В 1950-е годы лишь немногие советские люди, прежде всего дипломаты, военные и разведчики – и их семьи – могли познакомиться с Америкой воочию. В 1957–1958 годах американское правительство из-за собственной шпиономании и антикоммунизма упустило прекрасную возможность приподнять железный занавес. В 1955 году президент Эйзенхауэр высказал идею ежегодно приглашать в США десять тысяч советских студентов в обмен на такое же количество их американских сверстников, отправляющихся в СССР. Сопротивление в Конгрессе и паранойя главы ФБР Эдгара Гувера вынудили Эйзенхауэра отказаться от этого плана[341]. В результате он предложил более скромную идею обмена. Хрущев предложение принял, и в 1958 году первая группа из семнадцати советских студентов прибыла в США для обучения в лучших университетах страны (Колумбия, Гарвард, Беркли, Чикаго и университет Джорджа Вашингтона в столице). Впоследствии некоторые из них сделали карьеру в партийном пропагандистском аппарате или в КГБ. В их числе были будущий «архитектор перестройки» Александр Яковлев и будущий генерал КГБ, позже эмигрировавший в США, Олег Калугин[342]. Для остальной образованной советской молодежи Америка оставалась воображаемой и в высшей степени мифологизированной страной. Звуки джаза в их сознании шли рука об руку с образами из голливудских фильмов, которые время от времени попадали в советский прокат, и с красочными разворотами глянцевого журнала «Америка». Последний начиная с 1955 года распространяло в СССР Информационное агентство США через американское посольство. Большая часть экземпляров журнала попадала в руки советской номенклатуры и членов их семей. Но другие экземпляры «Америки» превратились в высоко ценимый товар на растущем черном рынке иностранных вещей.
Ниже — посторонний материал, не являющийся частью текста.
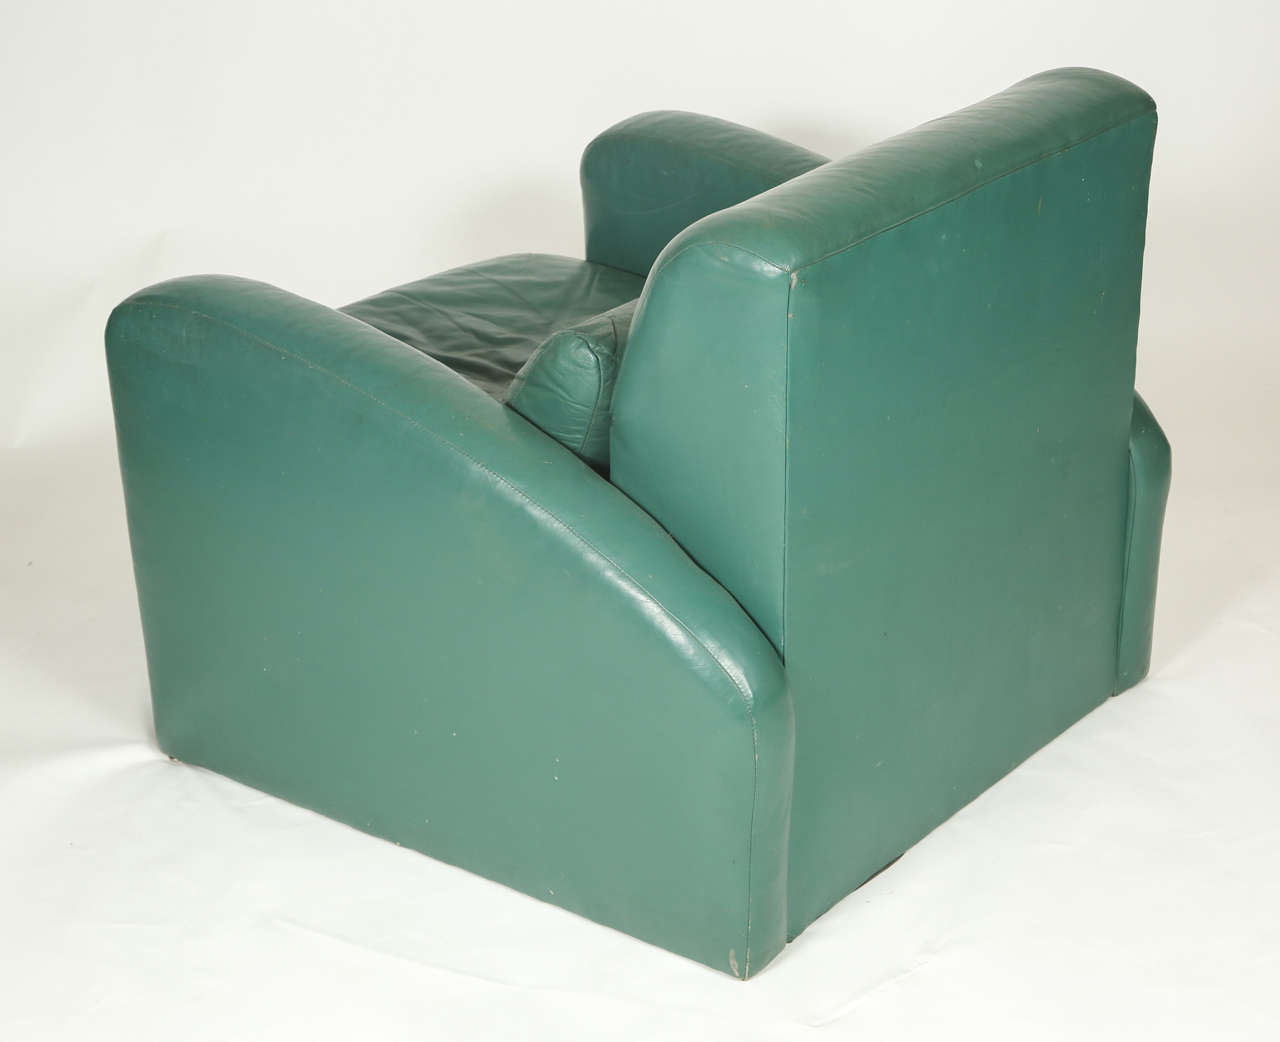 Pair of Club chairs by Jay Spectre 1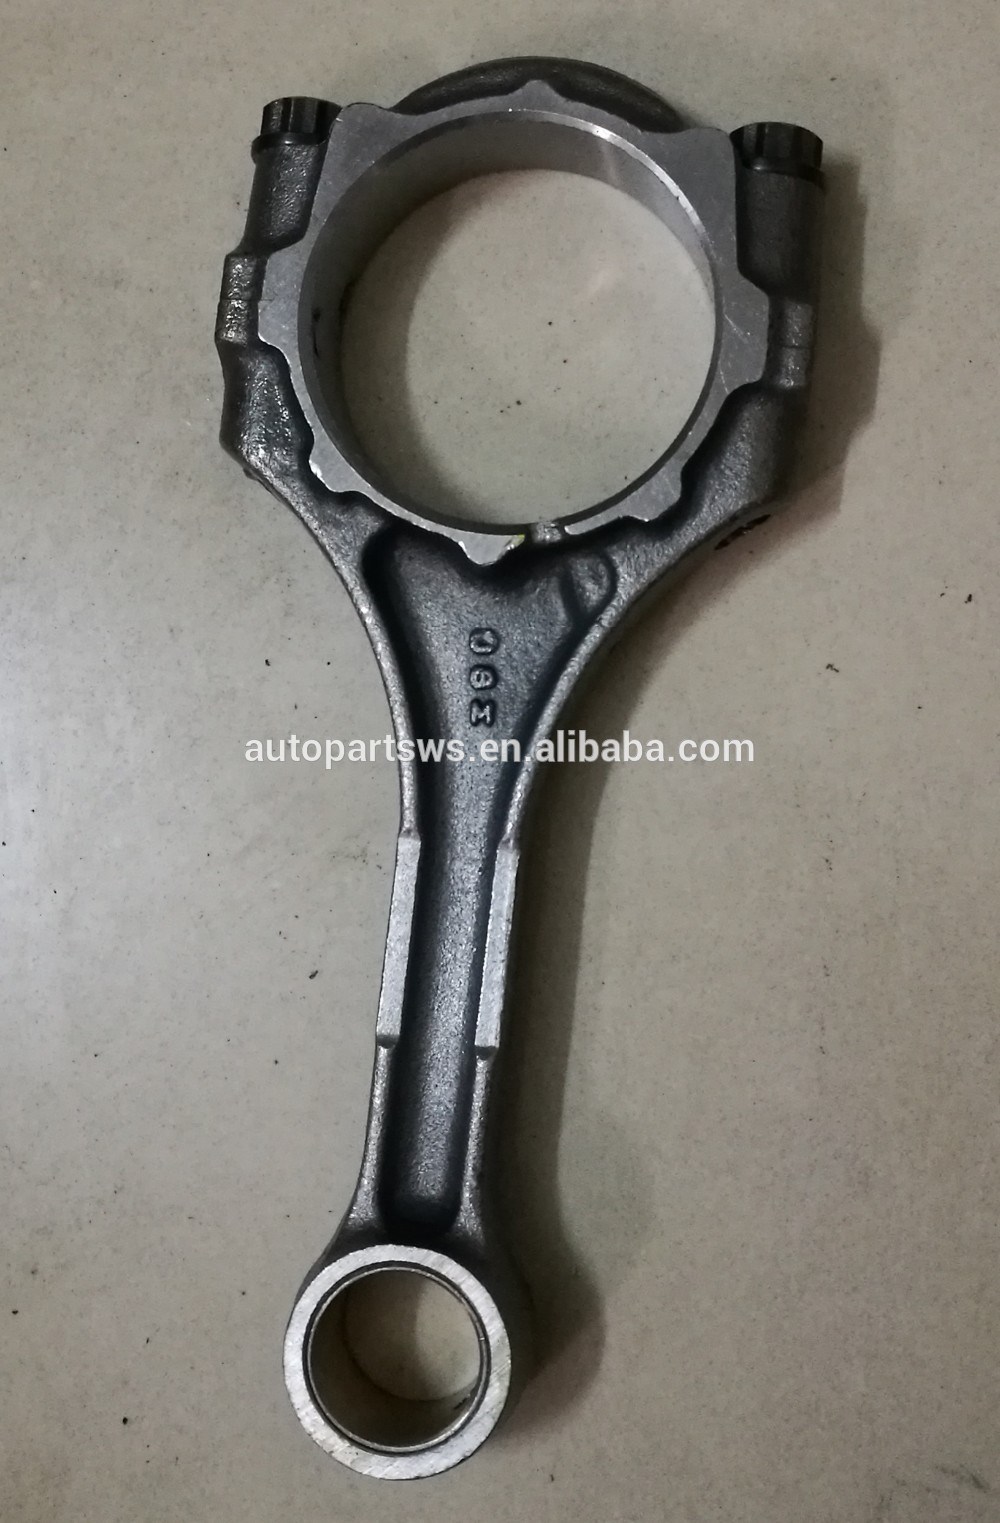 Auto Spare Parts Connecting Rod 13201-09301 for Toyota 1tr

Не прошло и четырех лет, как плоды американской цивилизации стало возможно увидеть прямо в советской столице. Осенью 1958 года советские и американские власти договорились об обмене выставками, «призванными продемонстрировать развитие науки, техники и культуры в своих странах». В июне 1959 года вице-президент Ричард Никсон и первый заместитель Хрущева Фрол Козлов открыли в Нью-Йорке советскую выставку. Через несколько недель в парке «Сокольники» открылась ответная американская выставка. Хрущев, воодушевленный быстрым ростом советской экономики и огромным успехом «Спутника», не боялся показать советским гражданам американские достижения. Накануне открытия выставки в «Сокольниках» он объяснял главе ГДР Вальтеру Ульбрихту: «Американцы считают, что советские люди, увидев их достижения, отвернутся от своего правительства. Но они не понимают наших людей. Мы скажем нашим людям: “Смотрите, вот чего богатейшая страна капитализма достигла за сто лет. Социализм даст нам возможность добиться того же значительно быстрее”»[343]. Советский лидер захотел лично развить эту мысль и на открытии выставки, в присутствии коллег и толпы корреспондентов он завязал спор с вице-президентом Никсоном, стоя в американском павильоне напротив новой модели американской кухни. Хрущева понесло: он заявил на весь мир, что СССР обгонит американцев не только в космосе, но и в телевидении, и производстве бытовой техники.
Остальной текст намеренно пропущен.